REPORT #95 August 1999
POLICE BRUTALITY COMMON IN BELIZE!


Produced by the Belize Development Trust

9-8-99 *** News 5 On-line
Residents claim brutality, police say self-defense
It sounds like a case of self-defense. An officer and his partner approach a suspect, he flees, they chase him. He turns around wielding a knife, and injures one of the officers. The officers fire a warning shot and are then forced to shoot the suspect to bring him down. But while this is the official version of what occurred on Sunday night in King's Park as relayed by the Police Department's press officer, witnesses claim it was a clear-cut case of police brutality. And one woman who watched the whole incident from her verandah was more than willing to tell News Five, and the public, what she saw and who was involved.

Residents say the only thing thirty-seven year old George Murphy, a U.S. deportee may be guilty of is failing to report to the police station for his scheduled weekly visits as required. According to Jerrylyn Diego, a resident of number twenty-six corner St. Joseph and Simon Lamb Streets, she was home around eight thirty Sunday night when C.I.B. officers stormed into her yard.

Jerrylyn Diego, Eyewitness
"When they come into my yard they told me that they were looking for a young man and I told them what young man what is his name? They didn't reply and I told them, "look you guys don't have any right to come into my yard with gun because I have kids living in this house and my bathroom is downstairs, you are totally wrong" and they didn't answer me."

Diego says shortly after that the C.I.B. officers moved off but when she got upstairs and looked off her verandah she saw they had reversed their vehicle and approached Murphy as he was walking on Simon Lamb Street. Diego said she could not hear what was being said but she says they then attacked Murphy.

Jerrylyn Diego:
"The three of them hold the young man into that open lot and that is when they beat him in there. My children were with me on the verandah so I tell them to go inside because I don't want them to witness this."

Diego said after they beat Murphy for what she estimates was about ten minutes with a two-by-four, a C.I.B. officer that they all recognized then shot Murphy twice: once below his left knee and then in the ankle.

Jerrylyn Diego:
"At that time when he got shot, they had already beat him up already, done beat him up. And it is the C.I.B. who do it, right, because when he fired the shot the young man was going to jump the drain that time he got beat up already. He was all full up of blood."

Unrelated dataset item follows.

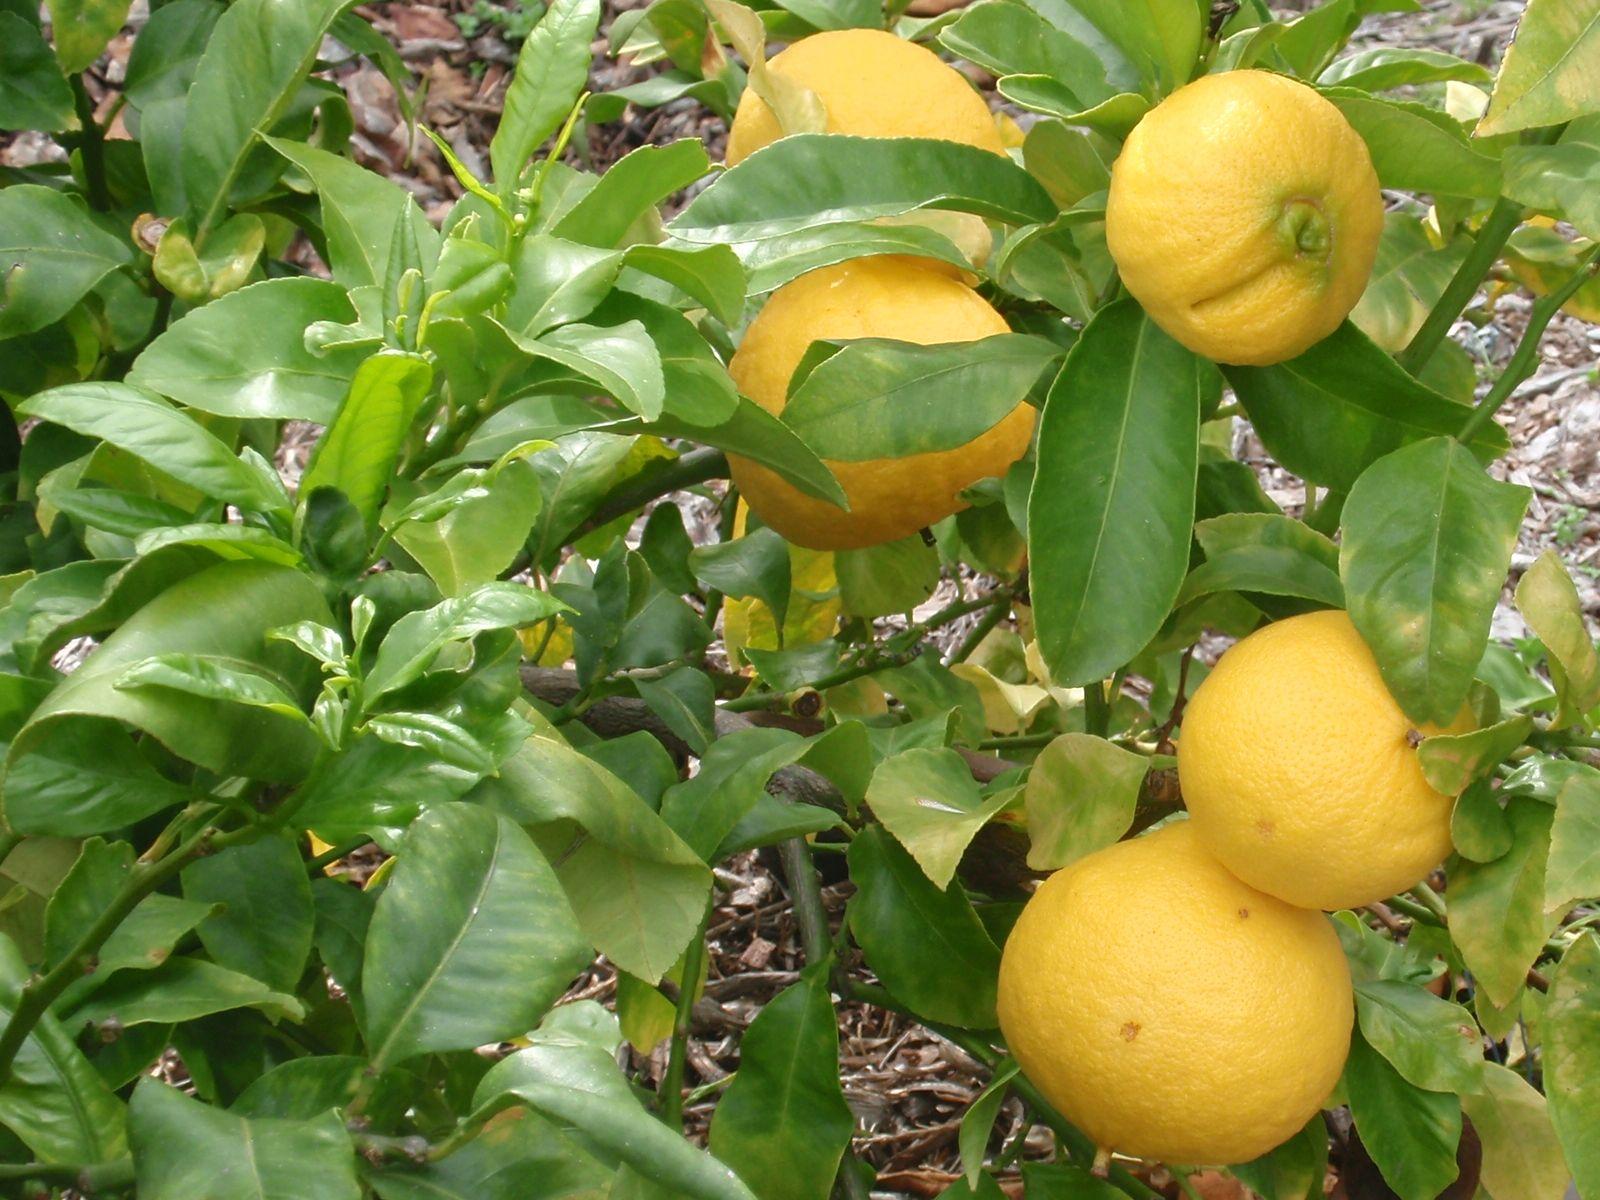 Бергамот - что это за растение, как выглядит, полезные свойства и противопоказания. состав и калорийность плодов бергамота. что делают из бергамота и как его выращивать

Diego told News Five that contrary to media reports, Murphy who lives about four houses away from where the incident took place was not armed with any weapon and did not stab any police officer.

Jerrylyn Diego:
"That is total nonsense; that is total nonsense; that is not so. That young man was unarmed. He walk along here and he did not disturb anybody. He didn't have anything. Okay? He didn't have anything to fight more than one officers over there; he didn't have anything. Total nonsense! They are only saying that to cover up themselves because they know they are at fault right now and everybody along this street knows."

According to family members, besides the two gunshot wounds, Murphy received cuts to the left side of his face, injuries to his mouth and bruises all over the body. According to the family the only reason their brother initially walked away from the police was because he feared being picked up for failing to report to the station. Sources tell News Five Murphy was being sought in connection with a robbery on Baymen Avenue sometime last week. Although the police press officer told News Five that an officer was stabbed during the incident and taken to the hospital, sources at K.H.M.H. say they are not aware of any officer getting injured and that Murphy was the only patient who was treated.

Magistrates in Belize berate the police as not doing the investigative work necessary to prosecute court cases. The colonial model of police nationwide meant to control a colonial people has gone awry in this newly independent country. The police are accused in articles in the press, of relying on beatings and torture to get confessions. Accused are kept in jail for months at a time on legal postponements and other judicial excuses. Re-arrests on 72 hours holding time are common. You no sooner get out free from an incomplete investigation is covered by re-arresting you and throwing you back in jail for another 72 hours. The police in Belize are worse than the criminals. Crime itself is up. This is attributed more to the political governing structure which makes the country a fuedal dictatorship on the monarchist model. The police force are modeled and operate under the old Norman style, where they respond to the politicians and not to the voters. There is no checks and balances in the system. Instead of Barons, we have dictatorial ministers for five year cycles using the police as political tools and the police themselves operating as muscle, as in the olden feudal days in England. A modern voter conrolled de-centralized local police force is required for any hopes of lowering crime and bringing democracy to Belize. It is all part of development. A police force that operates as muscle nationwide for political interests holds back investment and development interests. The situation is always too uncertain. This is no security for an investor.